Those are valid facts, but this is missing an underlying point: HN’s community is not concerned about this form of discrimination, so each time it crosses the front page, we see lots of threads about deregulation but few about the spectre of ethics raised by these acts. Ethics aren’t typically in-scope for HN unless the party harmed is either a for-profit corporation or a tech worker; since HN doesn’t as a community tend to openly self-identify with the fields of sex work, the ethical issues here are effectively out of scope here. One can imagine a different HN that gave the ethical threats to Others as much airtime as it gives to ethical threats to Self. I remain hopeful.

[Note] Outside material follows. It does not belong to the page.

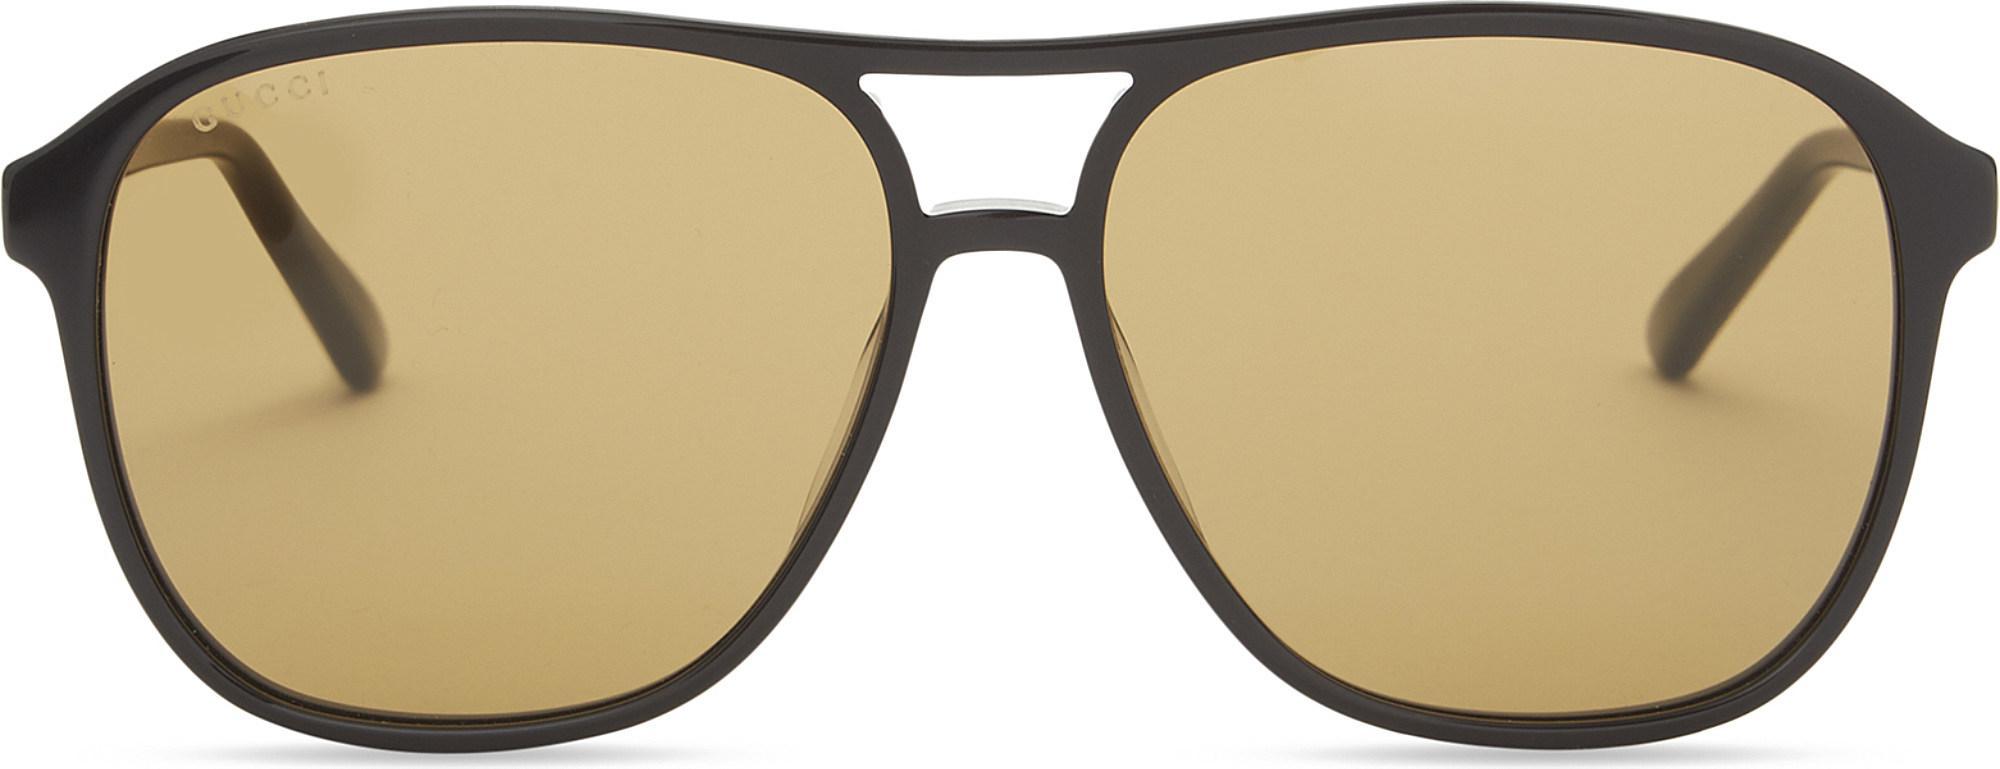 7214d3ecb48 Gucci Gg0016s Square-frame Sunglasses in Black - Lyst

If only all moral objections had such plausible-deniability ready to promote disregarding them, we’d never have to teach or debate morality and ethical practices in tech at all! Fortunately, the core debate — should payment processors be required to provide service so long as the operator is cooperative with escrow and other such ‘avoid money going out the door fraudulently’ restrictions on high-chargeback enterprises? — remains a ‘brass ring’ desirable outcome of techno-libertarians and so the issue continues be fought about. (Even if it’s only indirectly a morality debate over sex products.)
This isn't responsive to anything I've written. It's not in any sense a moral debate over sex products. It's a practical debate over how expensive it is to underwrite transactions in these markets. The people involved in making those payments work are extending credit.